Language translation example
- In this example, an encoder-decoder transformer is created for language translation, from English to French.
- This example uses two .txt files for training, one with English, and the other with the equivalent French sentence in each line (delimited by "\n").
- Create, train, and save tokenizers using
TokenizerConstructor. - In this example, the WordLevel tokenizer is used, along with the detault arguments of
TokenizerConstructor.
import robo_lib as rl
encoder_tok = rl.TokenizerConstructor(tokenizer_type="WordLevel")
encoder_tok.train("english_data.txt")
decoder_tok = rl.TokenizerConstructor(tokenizer_type="WordLevel")
decoder_tok.train("french_data.txt")
rl.save_component(encoder_tok, "tokenizers/encoder_tok.pkl")
rl.save_component(decoder_tok, "tokenizers/decoder_tok.pkl")
- The
DataProcessorcan be used to automatically process the data into a single torch.tensor, easily useable by the transformer for training. - The tokenizer(s) must be specified when initialising a DataProcessor. In this case the dec_tokenizer, and enc_tokenizer is both specified for an encoder-decoder transformer.
- The
process_listmethod processes lists of string data, so our .txt files are read into lists to be processed byprocess_list. - In this example, we are splitting the data 90% : 10% for training and validation.

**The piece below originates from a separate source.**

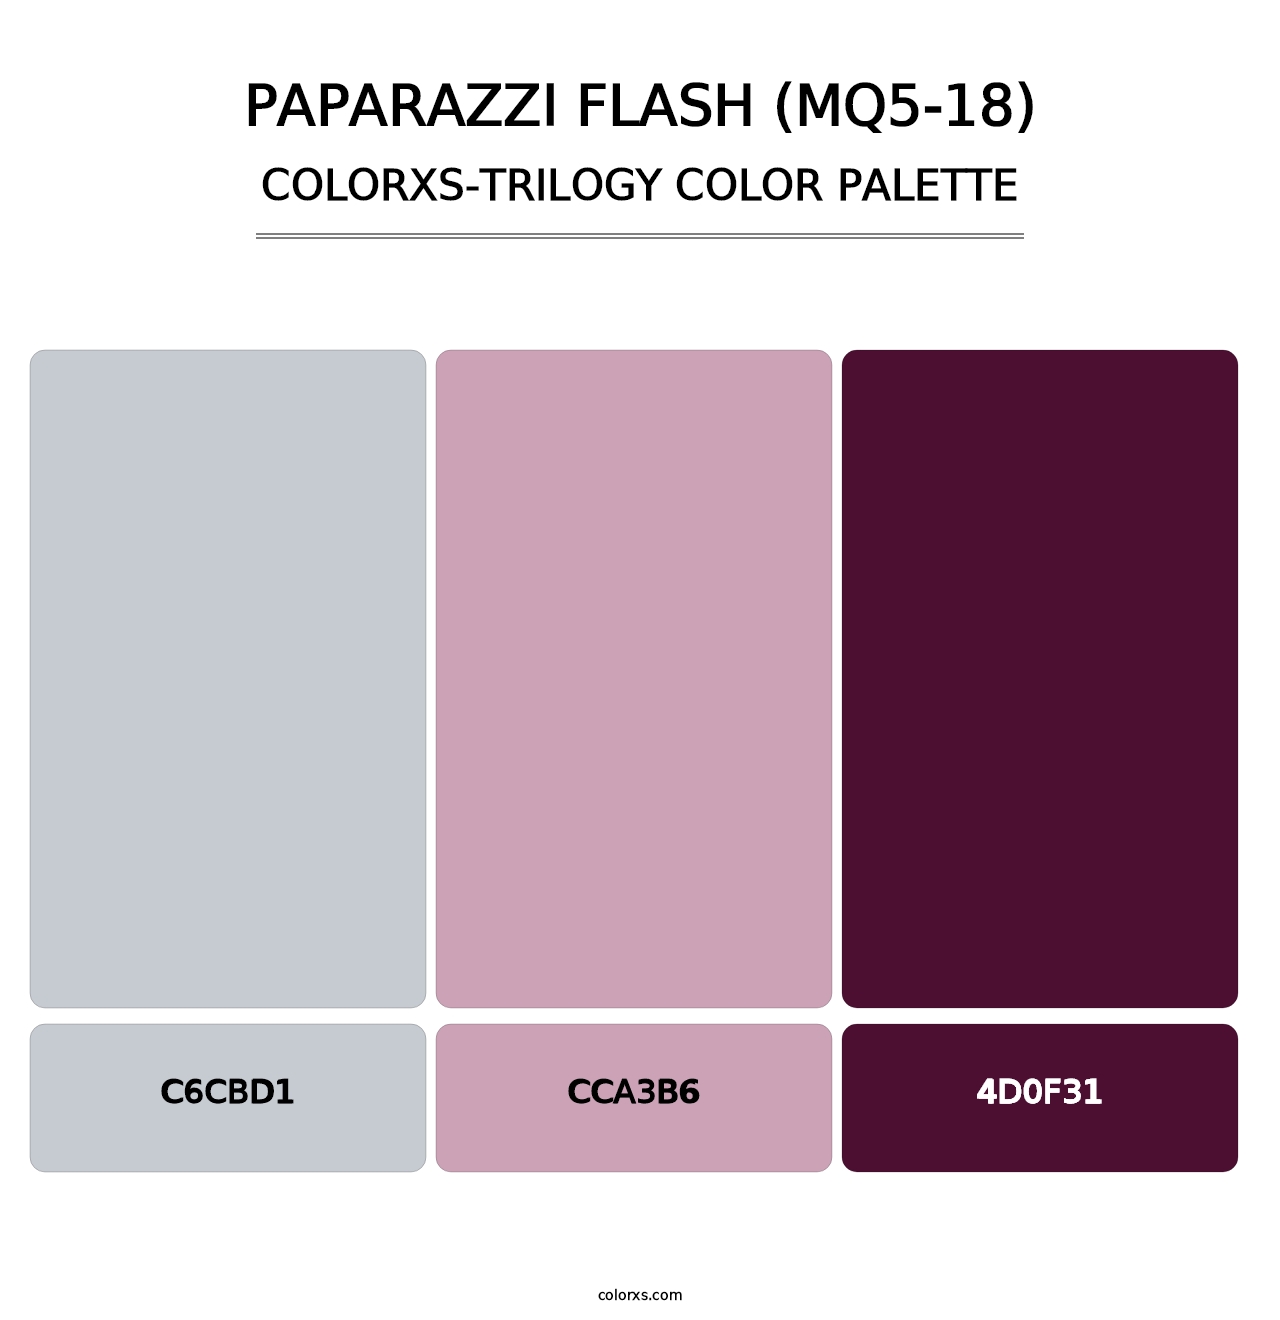 Paparazzi Flash (MQ5-18) - Colorxs Trilogy Palette

proc = rl.DataProcessor(dec_tokenizer=decoder_tok, enc_tokenizer=encoder_tok)
# read training .txt files into lists
with open("english_data.txt", "r") as file:
english_list = file.read().split("\n")
with open("french_data.txt", "r") as file:
french_list = file.read().split("\n")
# splitting lists into train and validation sets
split = 0.9
n = int(len(english_list) * split)
english_train = english_list[:n]
french_train = french_list[:n]
english_val = english_list[n:]
french_val = french_list[n:]
# process and save training data as data/training*.pt
# block_size_exceeded_policy="skip" removes training data larger than specified block size
proc.process_list(
save_path="data/training",
dec_data=french_train,
dec_max_block_size=100,
dec_block_size_exceeded_policy="skip",
enc_data=english_train,
enc_max_block_size=100,
enc_block_size_exceeded_policy="skip"
)
# process and save validation data as data/validation*.pt
proc.process_list(
save_path="data/validation",
dec_data=french_val,
dec_max_block_size=100,
dec_block_size_exceeded_policy="skip",
enc_data=english_val,
enc_max_block_size=100,
enc_block_size_exceeded_policy="skip"
)
- The
RoboConstructorclass is used to create and configure transformer models before trainin. - A separate .py file is recommended for training.
- If device is not specified,
RoboConstructorwill take the first available one out of ("cuda", "mps", "cpu"). Torch cuda is not part of the dependencies when installing robo-lib, so it is highly recommended to install it, using this link, if you have a CUDA compatible device. - The
trainmethod is used to train the transformer and save it tosave_patheveryeval_intervaliterations. - If a non-
TokenizerConstructortoken is used, the pad token if your tokenizer can be specified instead of the dec_tokenizer parameter.
import robo_lib as rl
encoder_tok = rl.load_component("tokenizers/encoder_tok.pkl")
decoder_tok = rl.load_component("tokenizers/decoder_tok.pkl")
robo = rl.RoboConstructor(
n_embed=512,
dec_n_blocks=6,
dec_n_head=8,
dec_vocab_size=decoder_tok.vocab_size,
dec_block_size=100,
enc_n_blocks=6,
enc_n_head=8,
enc_vocab_size=encoder_tok.vocab_size,
enc_block_size=100
)
robo.train_robo(
max_iters=20000,
eval_interval=200,
batch_size=128,
dec_training_path="data/training_decoder_data.pt",
dec_eval_path="data/validation_decoder_data.pt",
dec_training_masks_path="data/training_decoder_mask_data.pt",
dec_eval_masks_path="data/validation_decoder_mask_data.pt",
enc_training_path="data/training_encoder_data.pt",
enc_eval_path="data/validation_encoder_data.pt",
enc_training_masks_path="data/training_encoder_mask_data.pt",
enc_eval_masks_path="data/validation_encoder_mask_data.pt",
dec_tokenizer=decoder_tok,
save_path="models/eng_to_fr_robo.pkl"
)
- For language translation, a loss of around 3 already shows good results.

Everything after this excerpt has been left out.